We connect to MySQL server and workbench and make analysis with the parch-and-posey database. This course is the practicals of the course SQL for Data Analysis at Udacity.

In [1]:
# we import some required libraries

import pandas as pd
import numpy as np
import matplotlib.pyplot as plt
import seaborn as sns
from pprint import pprint
import time
print('Done!')

Done!


In [2]:
import mysql
from mysql.connector import Error
from getpass import getpass

db_name = 'parch_and_posey'
try:
    connection = mysql.connector.connect(host='localhost',
                                         database=db_name,
                                         user=input('Enter UserName:'),
                                         password=getpass('Enter Password:'))
    if connection.is_connected():
        db_Info = connection.get_server_info()
        print("Connected to MySQL Server version ", db_Info)
        cursor = connection.cursor()
        cursor.execute("select database();")
        record = cursor.fetchone()
        print("You're connected to database: ", record)

except Error as e:
    print("Error while connecting to MySQL", e)

Enter UserName:root
Enter Password:········
Connected to MySQL Server version  8.0.24
You're connected to database:  ('parch_and_posey',)


In [3]:
# Let's see the tables in the database

# let's run the show tables command 

cursor.execute('show tables')
out = cursor.fetchall()
out

[('accounts',), ('orders',), ('region',), ('sales_reps',), ('web_events',)]

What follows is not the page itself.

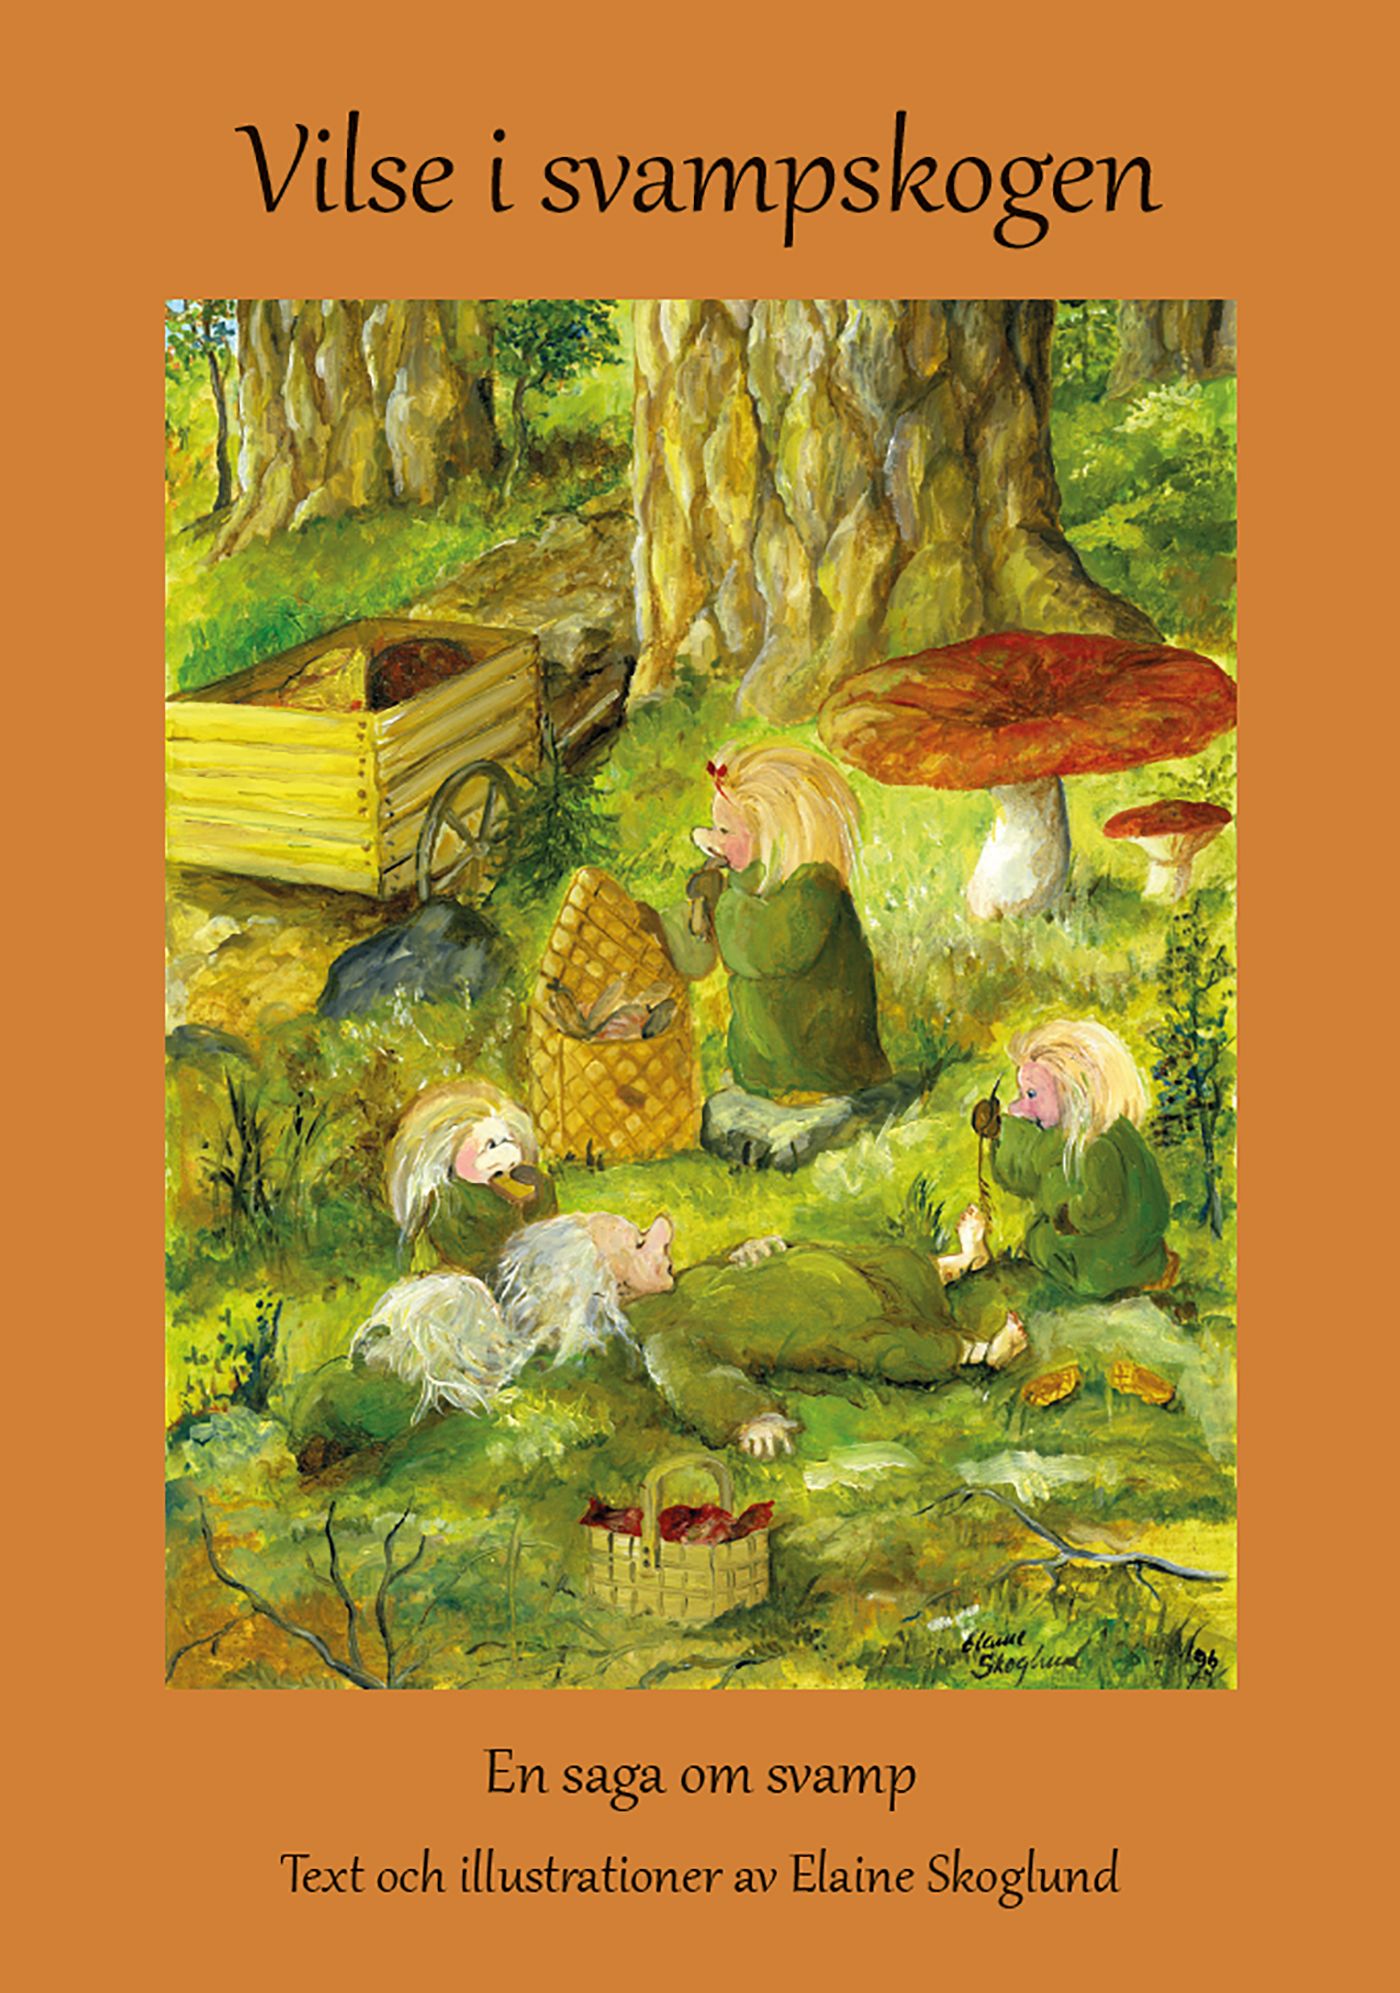 Vilse i svampskogen, eBook by Elaine Skoglund

**Defining a method that converts the result of a query to a dataframe**

In [4]:
def query_to_df(query):
    st = time.time()
    # Assert Every Query ends with a semi-colon
    try:
        assert query.endswith(';')
    except AssertionError:
        return 'ERROR: Query Must End with ;'

    # so we never have more than 20 rows displayed
    pd.set_option('display.max_rows', 20) 
    df = None

    # Process the query
    cursor.execute(query)
    columns = cursor.description
    result = []
    for value in cursor.fetchall():
        tmp = {}
        for (index,column) in enumerate(value):
            tmp[columns[index][0]] = [column]
        result.append(tmp)

    # Create a DataFrame from all results
    for ind, data in enumerate(result):
        if ind >= 1:
            x = pd.DataFrame(data)
            df = pd.concat([df, x], ignore_index=True)
        else:
            df = pd.DataFrame(data)
    print(f'Query ran for {time.time()-st} secs!')
    return df

In [5]:
# 1. For the accounts table

query = 'SELECT * FROM accounts LIMIT 3;'
query_to_df(query)

Query ran for 0.0689997673034668 secs!


Unnamed: 0,id,name,website,lat,longs,primary_poc,sales_rep_id
0,1001,Walmart,www.walmart.com,40.23849561,-75.10329704,Tamara Tuma,321500
1,1011,Exxon Mobil,www.exxonmobil.com,41.1691563,-73.84937379,Sung Shields,321510
2,1021,Apple,www.apple.com,42.29049481,-76.08400942,Jodee Lupo,321520


In [6]:
# 2. For the orders table

query = 'SELECT * FROM orders LIMIT 3;'
query_to_df(query)

Query ran for 0.10384035110473633 secs!


Unnamed: 0,id,account_id,occurred_at,standard_qty,gloss_qty,poster_qty,total,standard_amt_usd,gloss_amt_usd,poster_amt_usd,total_amt_usd
0,1,1001,2015-10-06 17:31:14,123,22,24,169,613.77,164.78,194.88,973.43
1,2,1001,2015-11-05 03:34:33,190,41,57,288,948.1,307.09,462.84,1718.03
2,3,1001,2015-12-04 04:21:55,85,47,0,132,424.15,352.03,0.0,776.18


In [7]:
# 3. For the sales_reps table

query = 'SELECT * FROM sales_reps LIMIT 3;'
query_to_df(query)

Query ran for 0.05859208106994629 secs!


Unnamed: 0,id,name,region_id
0,321500,Samuel Racine,1
1,321510,Eugena Esser,1
2,321520,Michel Averette,1


In [8]:
# 4. For the web_events table

query = 'SELECT * FROM web_events LIMIT 3;'
query_to_df(query)

Query ran for 0.09909844398498535 secs!


Unnamed: 0,id,account_id,occurred_at,channel
0,1,1001,2015-10-06 17:13:58,direct
1,2,1001,2015-11-05 03:08:26,direct
2,3,1001,2015-12-04 03:57:24,direct


In [9]:
# 5. For the region table

query = 'SELECT * FROM region LIMIT 3;'
query_to_df(query)

Query ran for 0.04686427116394043 secs!


Unnamed: 0,id,name
0,1,Northeast
1,2,Midwest
2,3,Southeast


### LEFT
### RIGHT
### LENGTH

**LEFT** pulls a specified number of characters for each row in a specified column starting at the beginning (or from the left). As you saw here, you can pull the first three digits of a phone number using LEFT(phone_number, 3).


**RIGHT** pulls a specified number of characters for each row in a specified column starting at the end (or from the right). As you saw here, you can pull the last eight digits of a phone number using RIGHT(phone_number, 8).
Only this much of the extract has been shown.